No image is to be carried over; reproduce the rest of the listing word for word.

- [Dataset content]
※ ※ ※

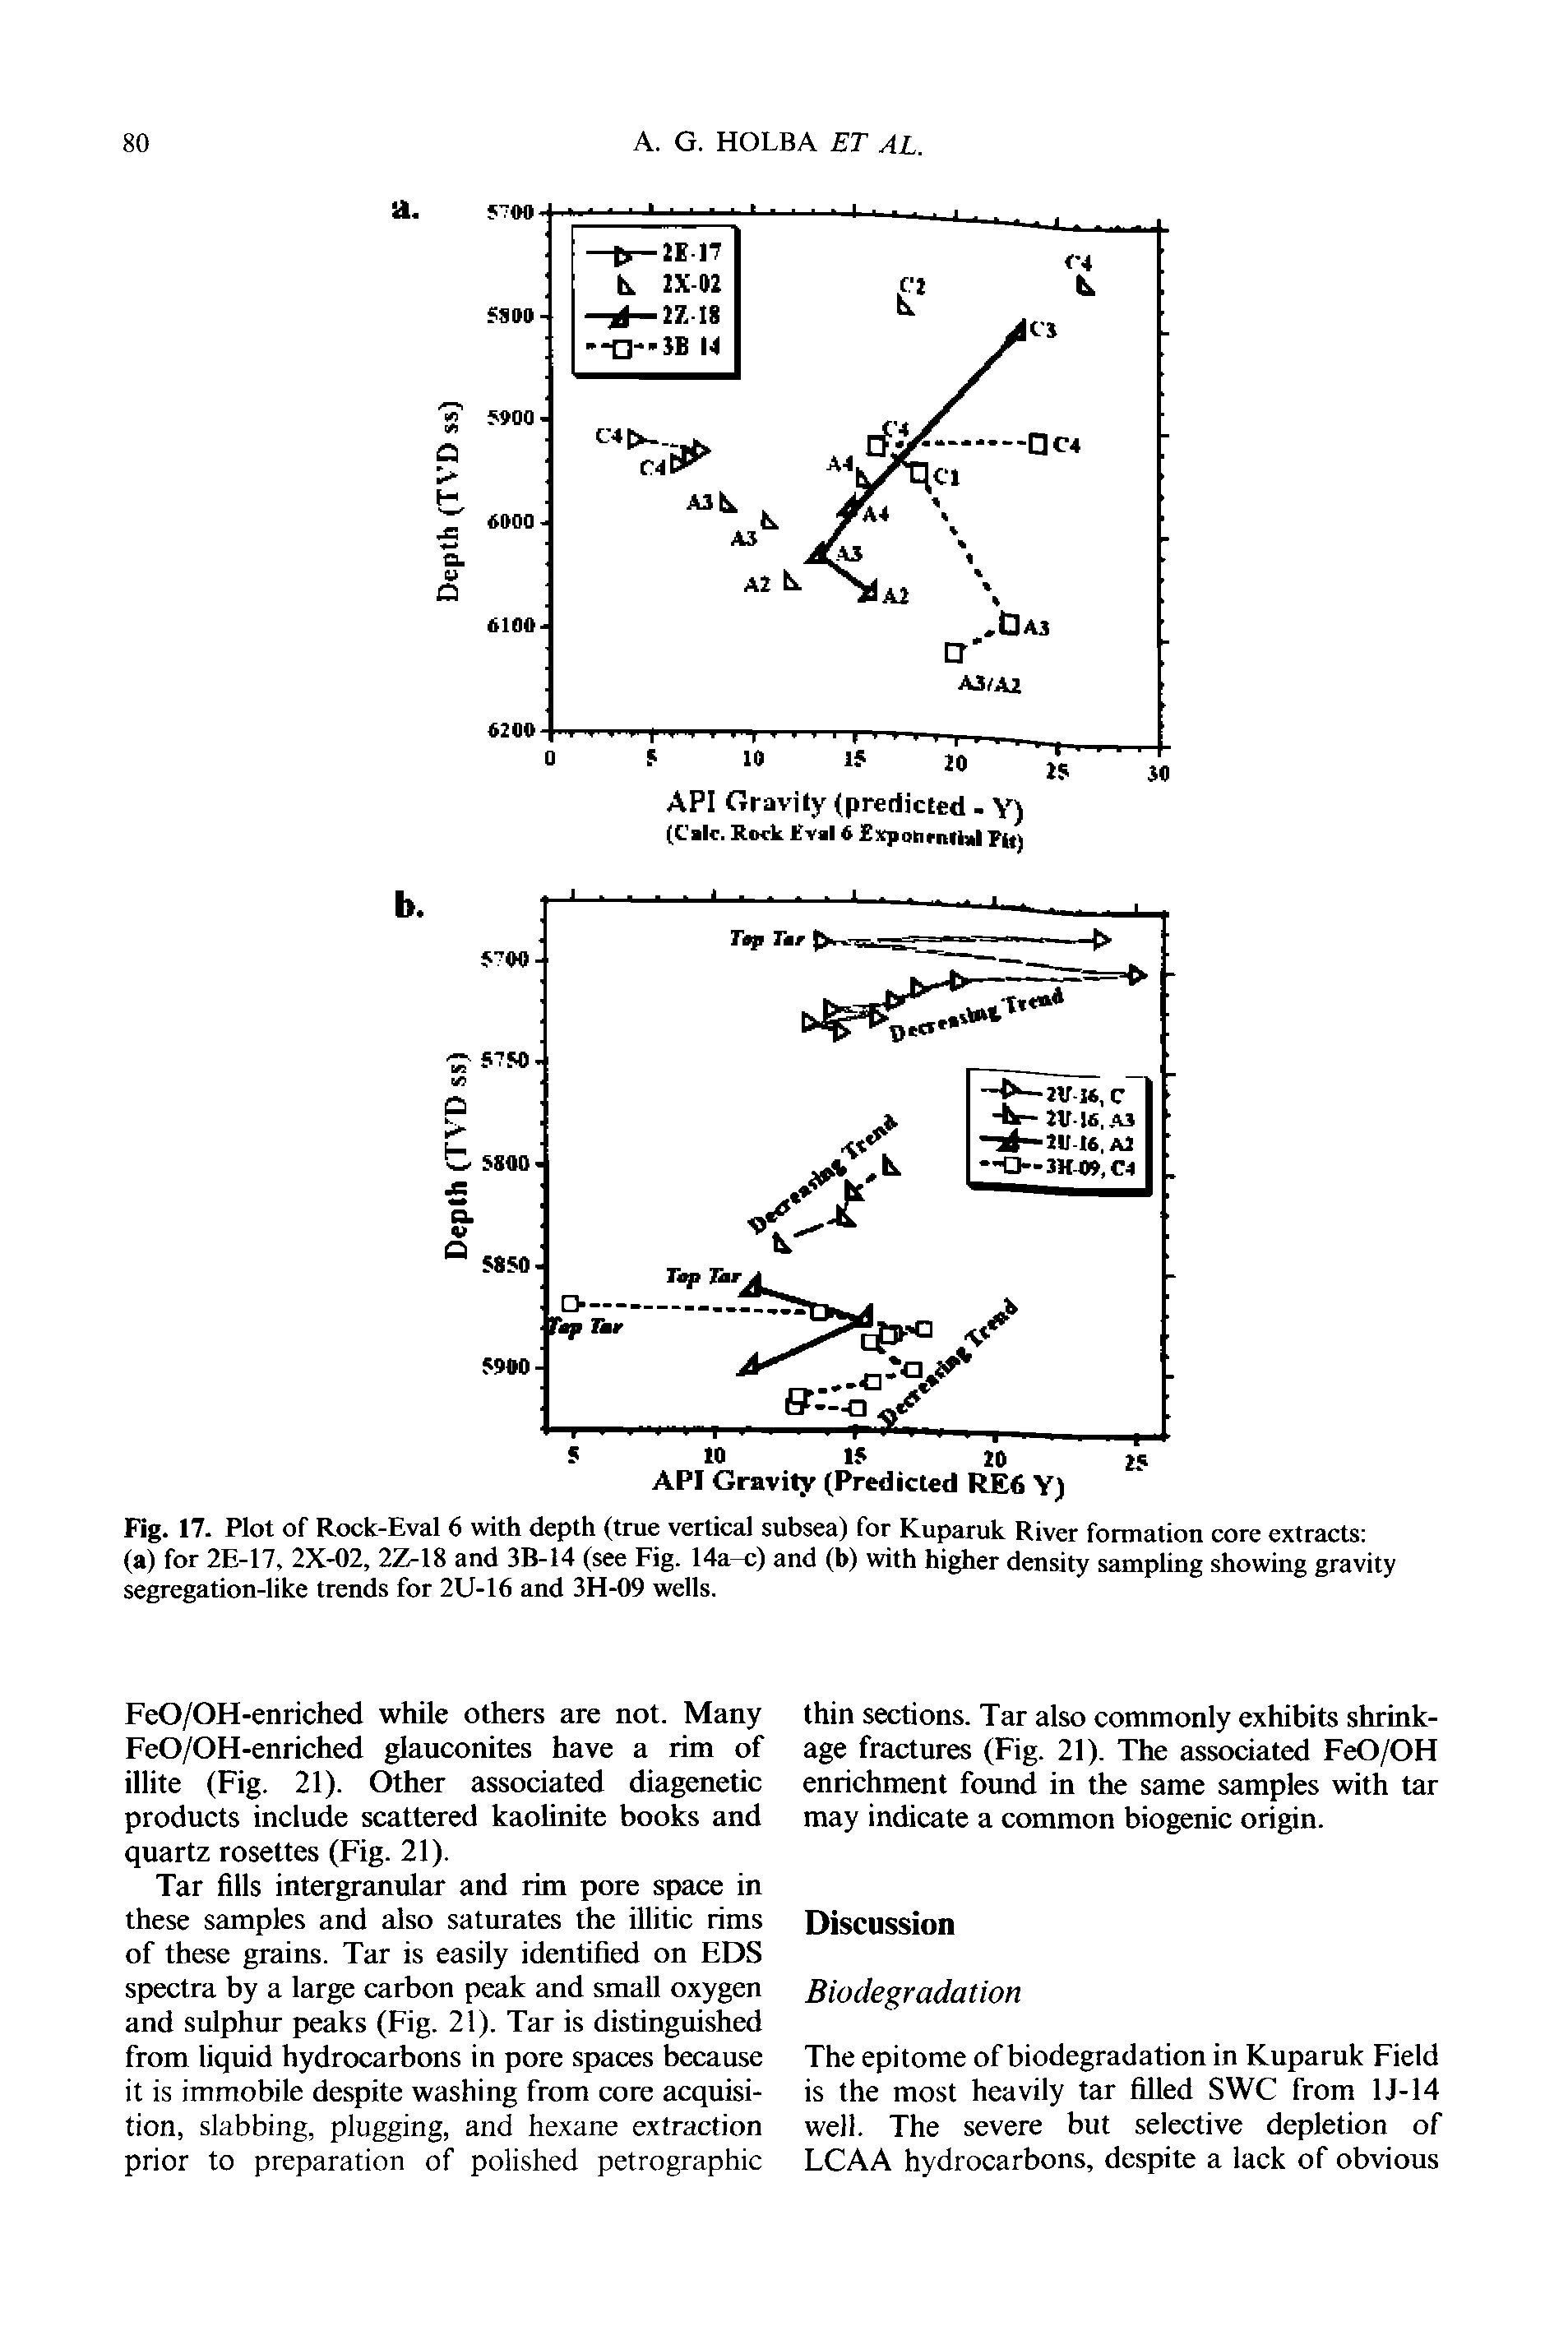 Fig. 17. Plot of Rock-Eval 6 with depth (true vertical subsea) for Kuparuk River formation core extracts (a) for 2E-17. 2X-02, 2Z-18 and 3B-14 (see Fig. 14a—c) and (b) with higher density sampling showing gravity segregation-like trends for 2U-16 and 3H-09 wells.
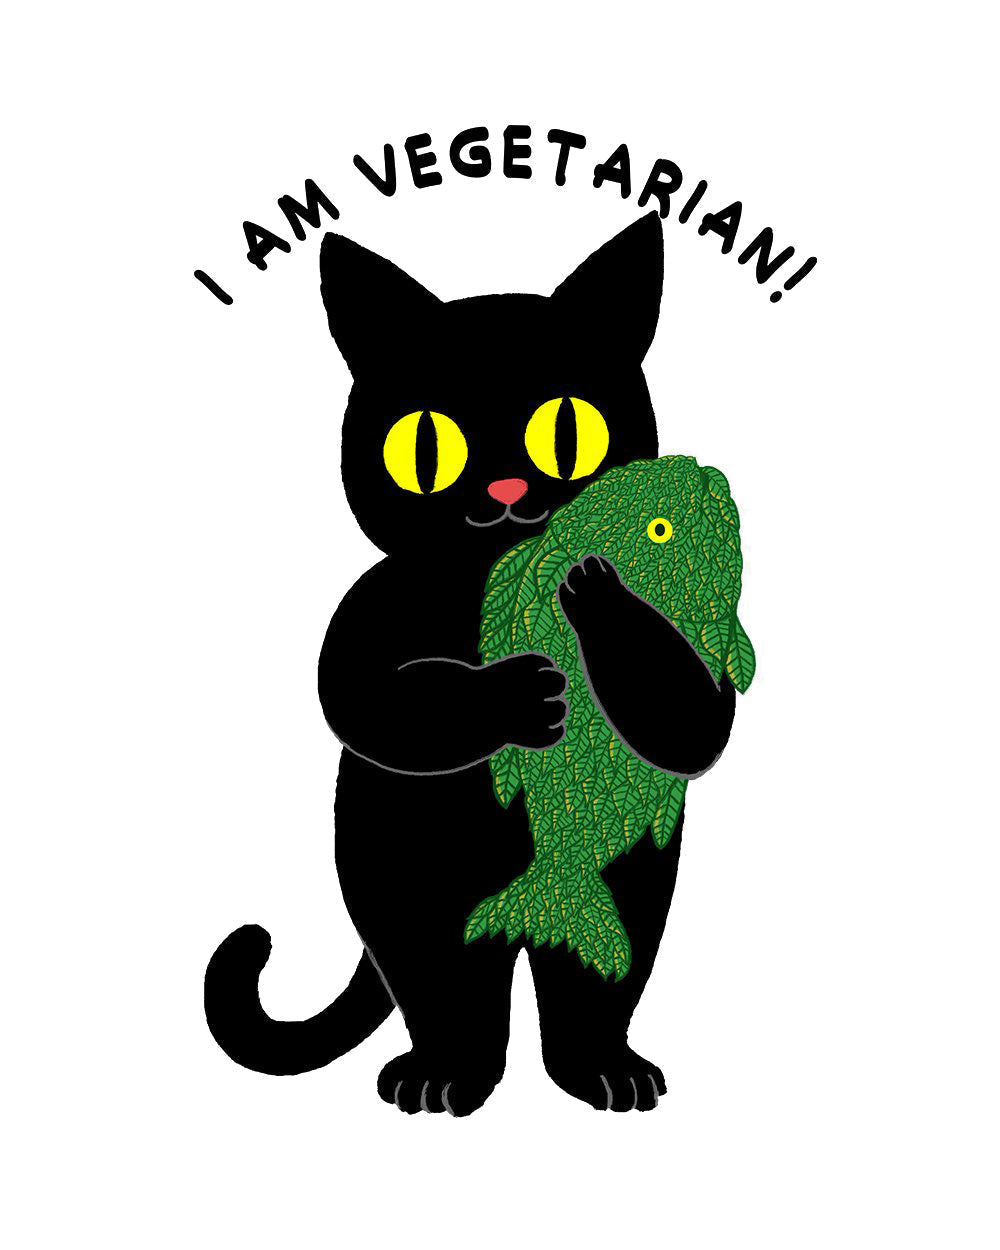 Vegetarian Funny Cat Fish Kitten Food Pet Animal Slogan Humorous Cotton T-Shirt
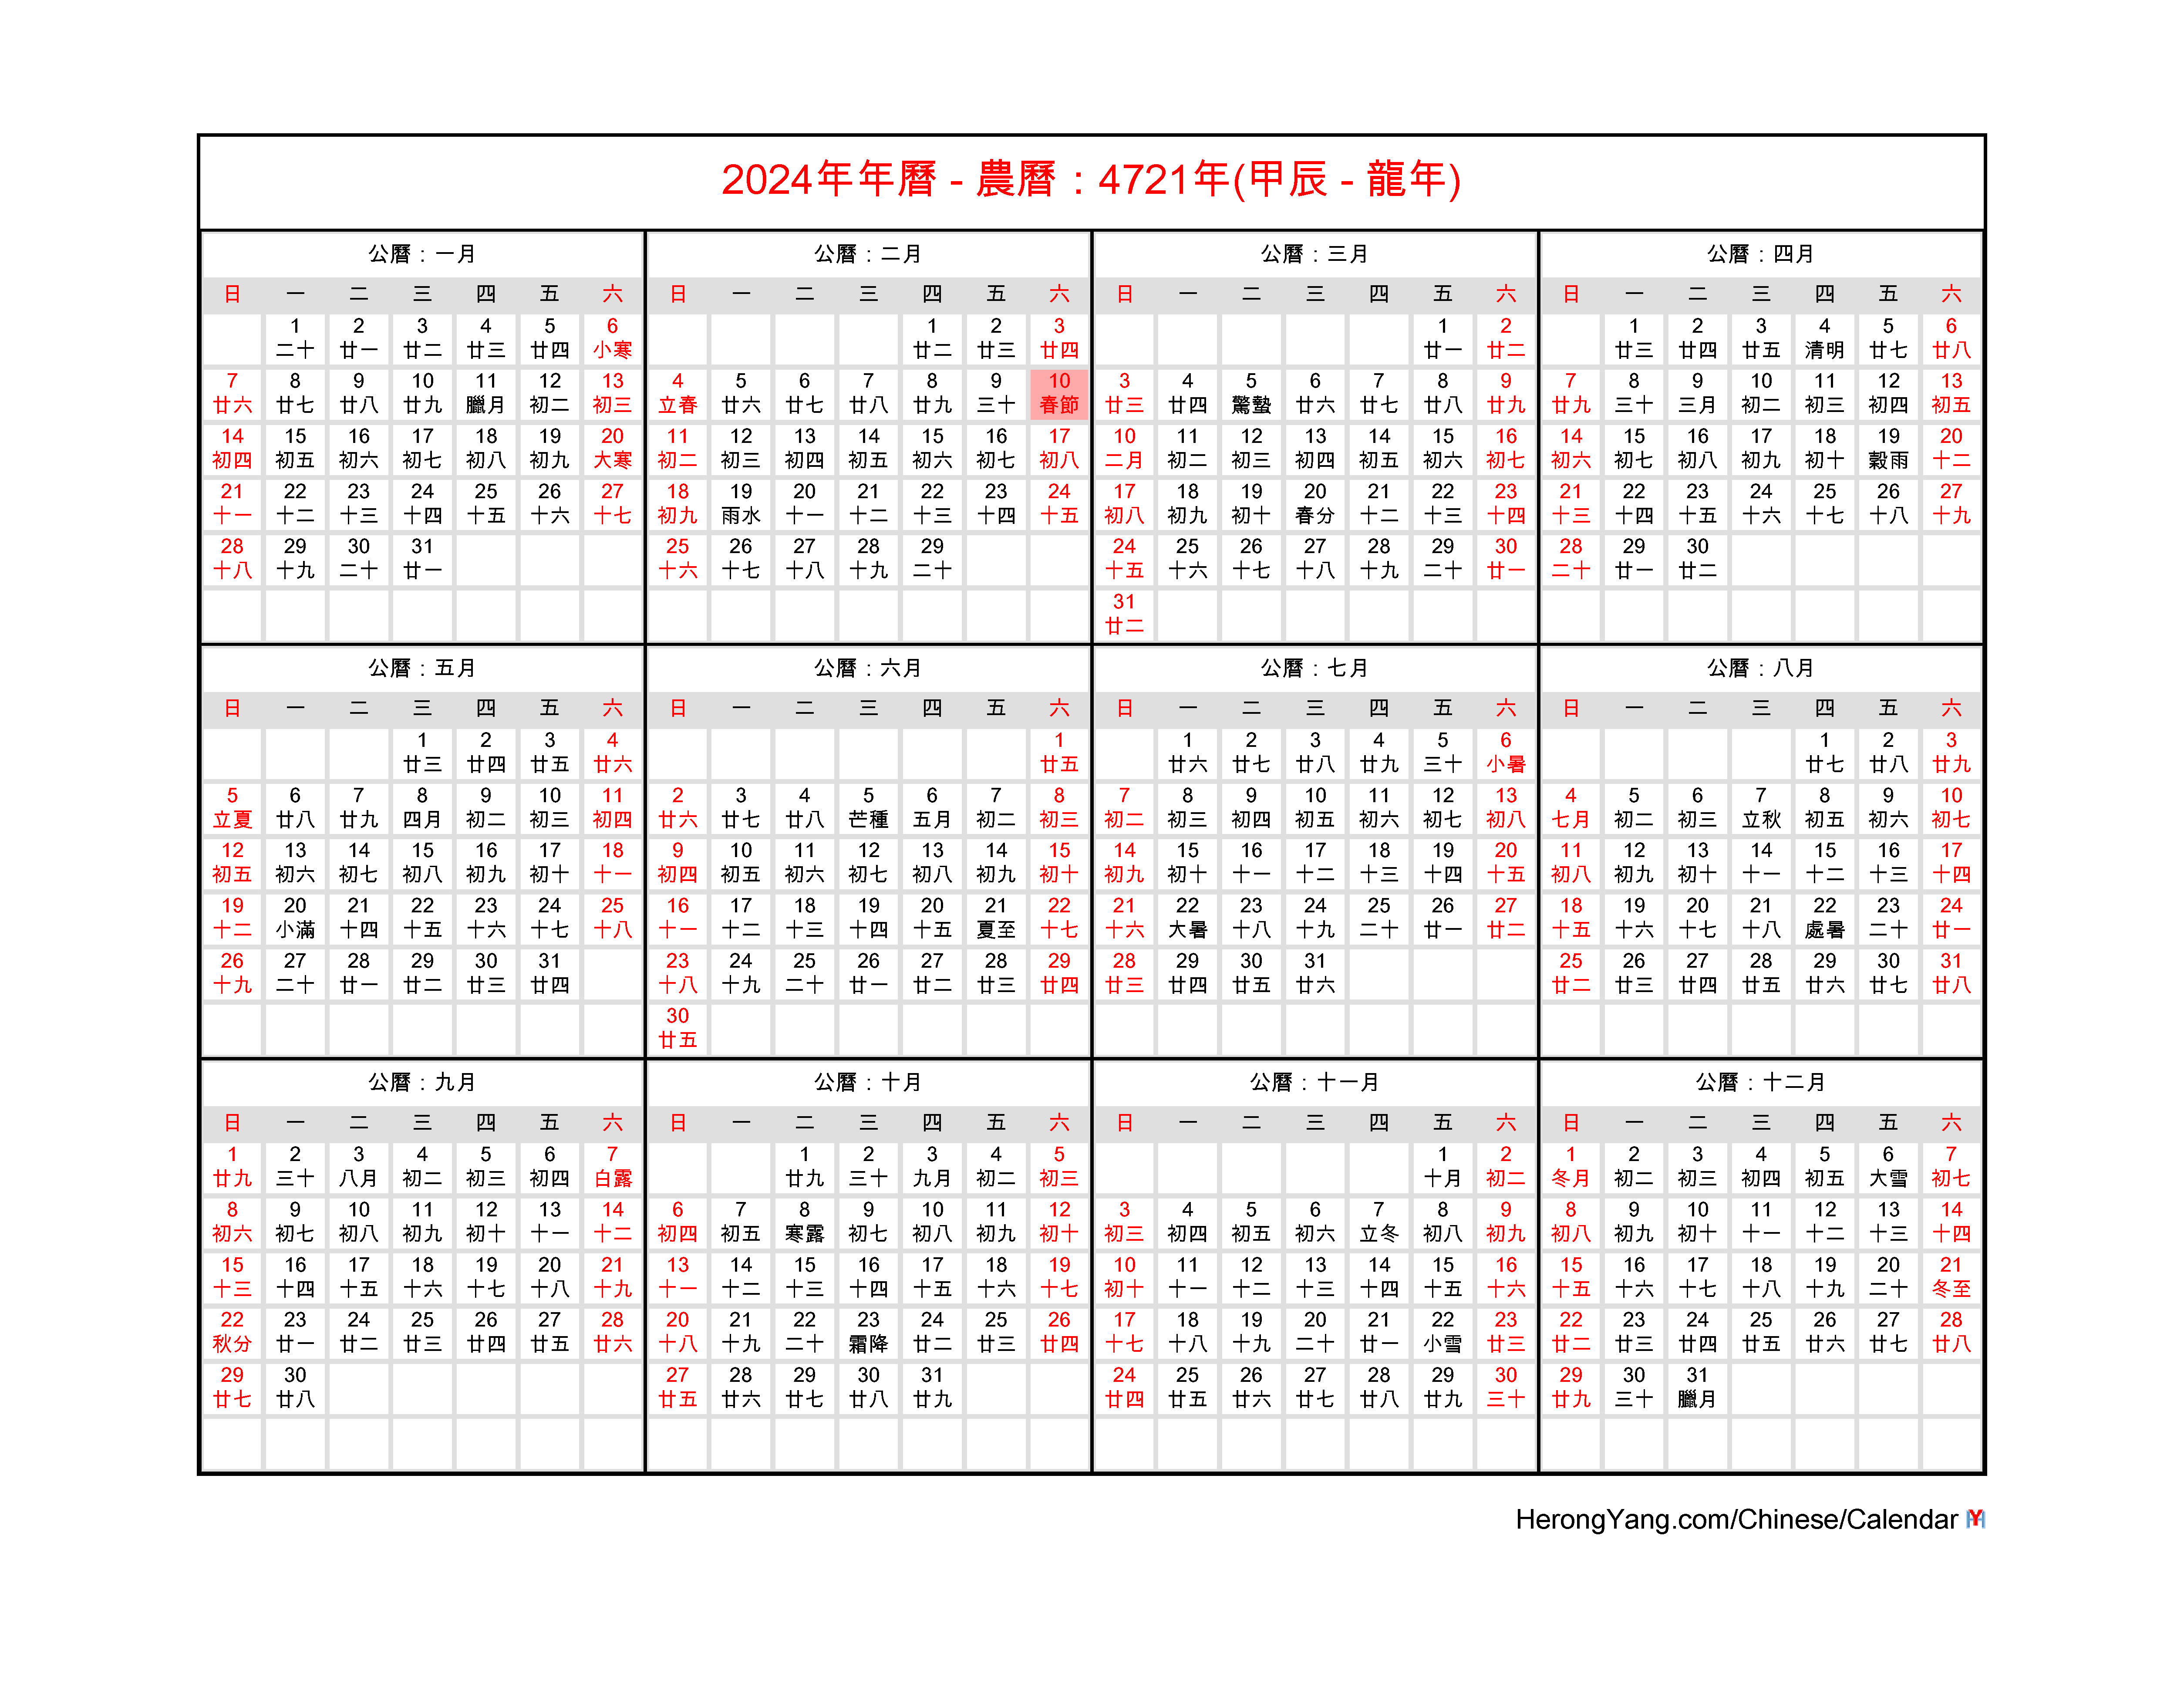 Chinese Calendar 2024

※ ※ ※

- [Response for this exercise]
 Fig. 17. Plot of Rock-Eval 6 with depth (true vertical subsea) for Kuparuk River formation core extracts (a) for 2E-17. 2X-02, 2Z-18 and 3B-14 (see Fig. 14a—c) and (b) with higher density sampling showing gravity segregation-like trends for 2U-16 and 3H-09 wells.
 Vegetarian Funny Cat Fish Kitten Food Pet Animal Slogan Humorous Cotton T-Shirt
 Chinese Calendar 2024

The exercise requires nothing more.